Oireachtas Joint and Select Committees

Wednesday, 30 November 2016

Committee on Budgetary Oversight

Post-Budget Analysis: National Women's Council and Social Justice Ireland

1:30 pm

Photo of Stephen DonnellyStephen Donnelly (Wicklow, Social Democrats) | Oireachtas source

It would be a very powerful argument to be able to say it is big, it got worse during the recession and it is not better for men and women in their 20s or 30s than men or women in their 50s and 60s. It would be very powerful to be able to see that.

I have started to read through the National Women's Council universal pension idea. It is expensive; it was costed at about €700 million. That is a chunk of change in anyone's book. There are an increasing number of people who have either retired or are close to retirement, particularly women as was pointed out earlier, who are finding they do not meet the contributory pension eligibility criteria and do not qualify for the non-contributory pension because they are a so-called dependent.

I have looked in the last few weeks into the minutiae of the detail and it turns out that if one works for ten years, one gets the full pension. If people were unfortunate enough to work for three weeks after their leaving certificate back in the 1970s or if they work for 25 years, they could find themselves with less. Typically what is happening is worse than that. As men worked and got the stamps, it is nearly always women who were unfortunate enough to be signed up to a month's work or a year's work and then there is a big gap.

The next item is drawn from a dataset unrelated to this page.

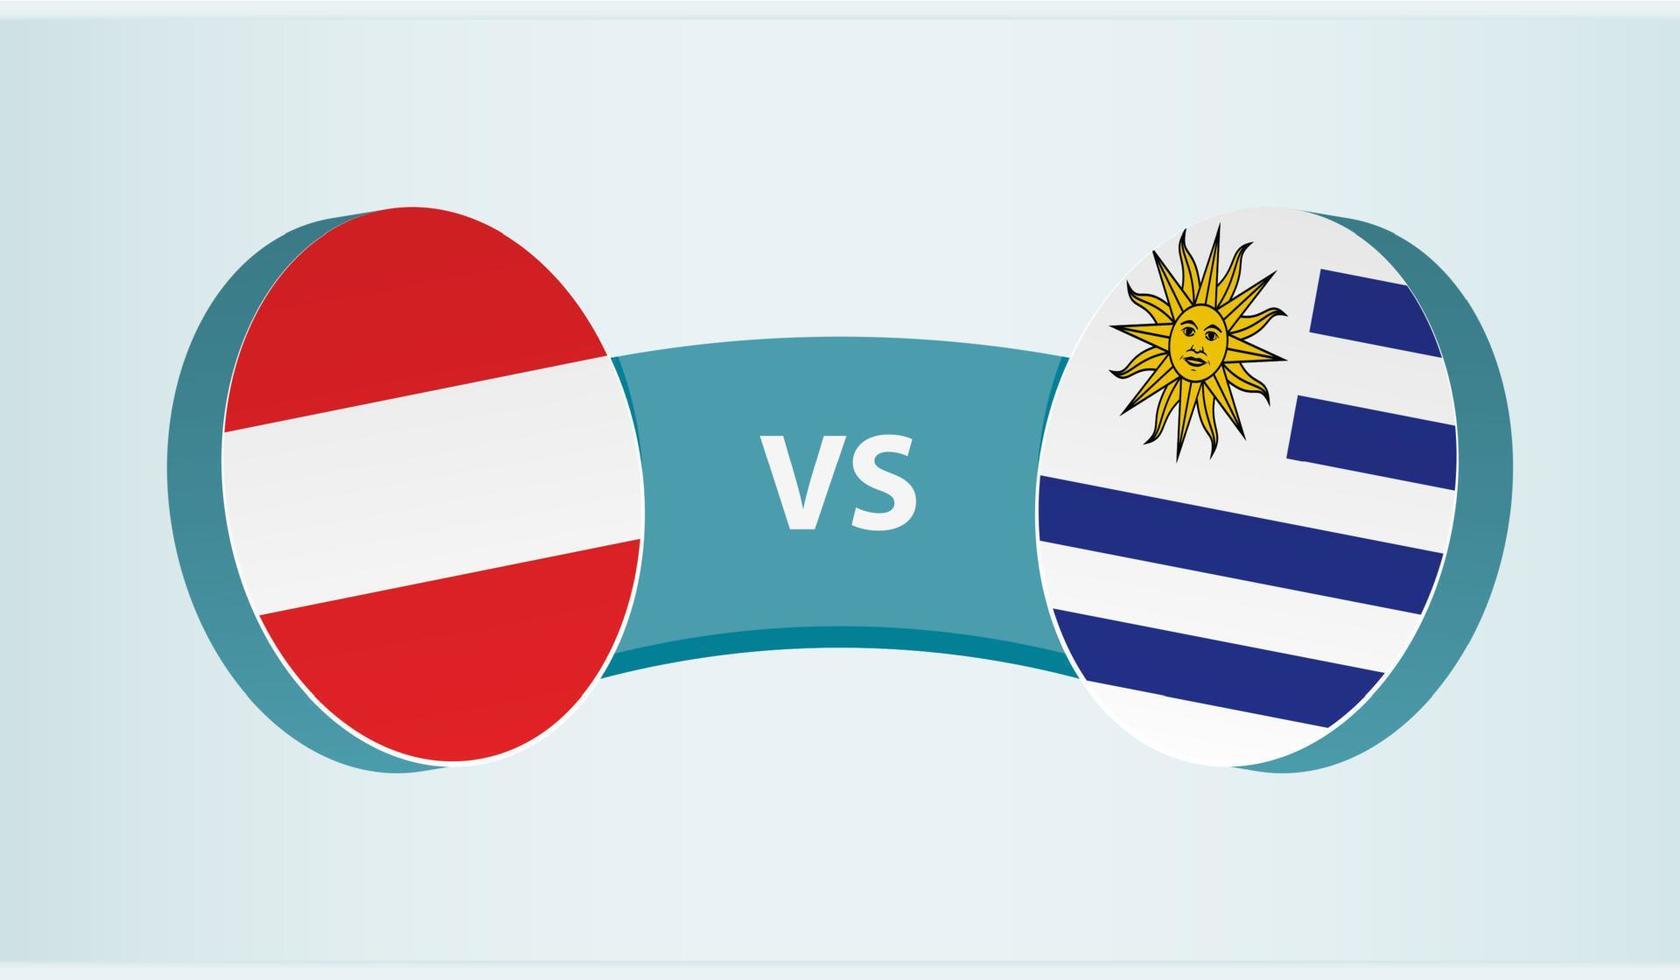 Austria versus Uruguay, team sports competition concept. vector

As the witnesses pointed out, it has not gone back far enough in terms of the home-makers and so on. How big a problem is the National Women's Council finding this is? The witnesses have clearly done a lot of thinking around the State pension. Deputies have a very strange view of the world. They are a bit like doctors, who might think that everyone in Ireland is sick because they only ever meet sick people.

Deputies only tend to meet people who are in trouble, so they do not have a very good sense of what is actually going on. I guess both groups here would have a view on this. How big an issue is it for men and women? It seems to be mainly for women nearing retirement who are finding out that they have been absolutely destroyed because they worked for one or two years in their early 20s.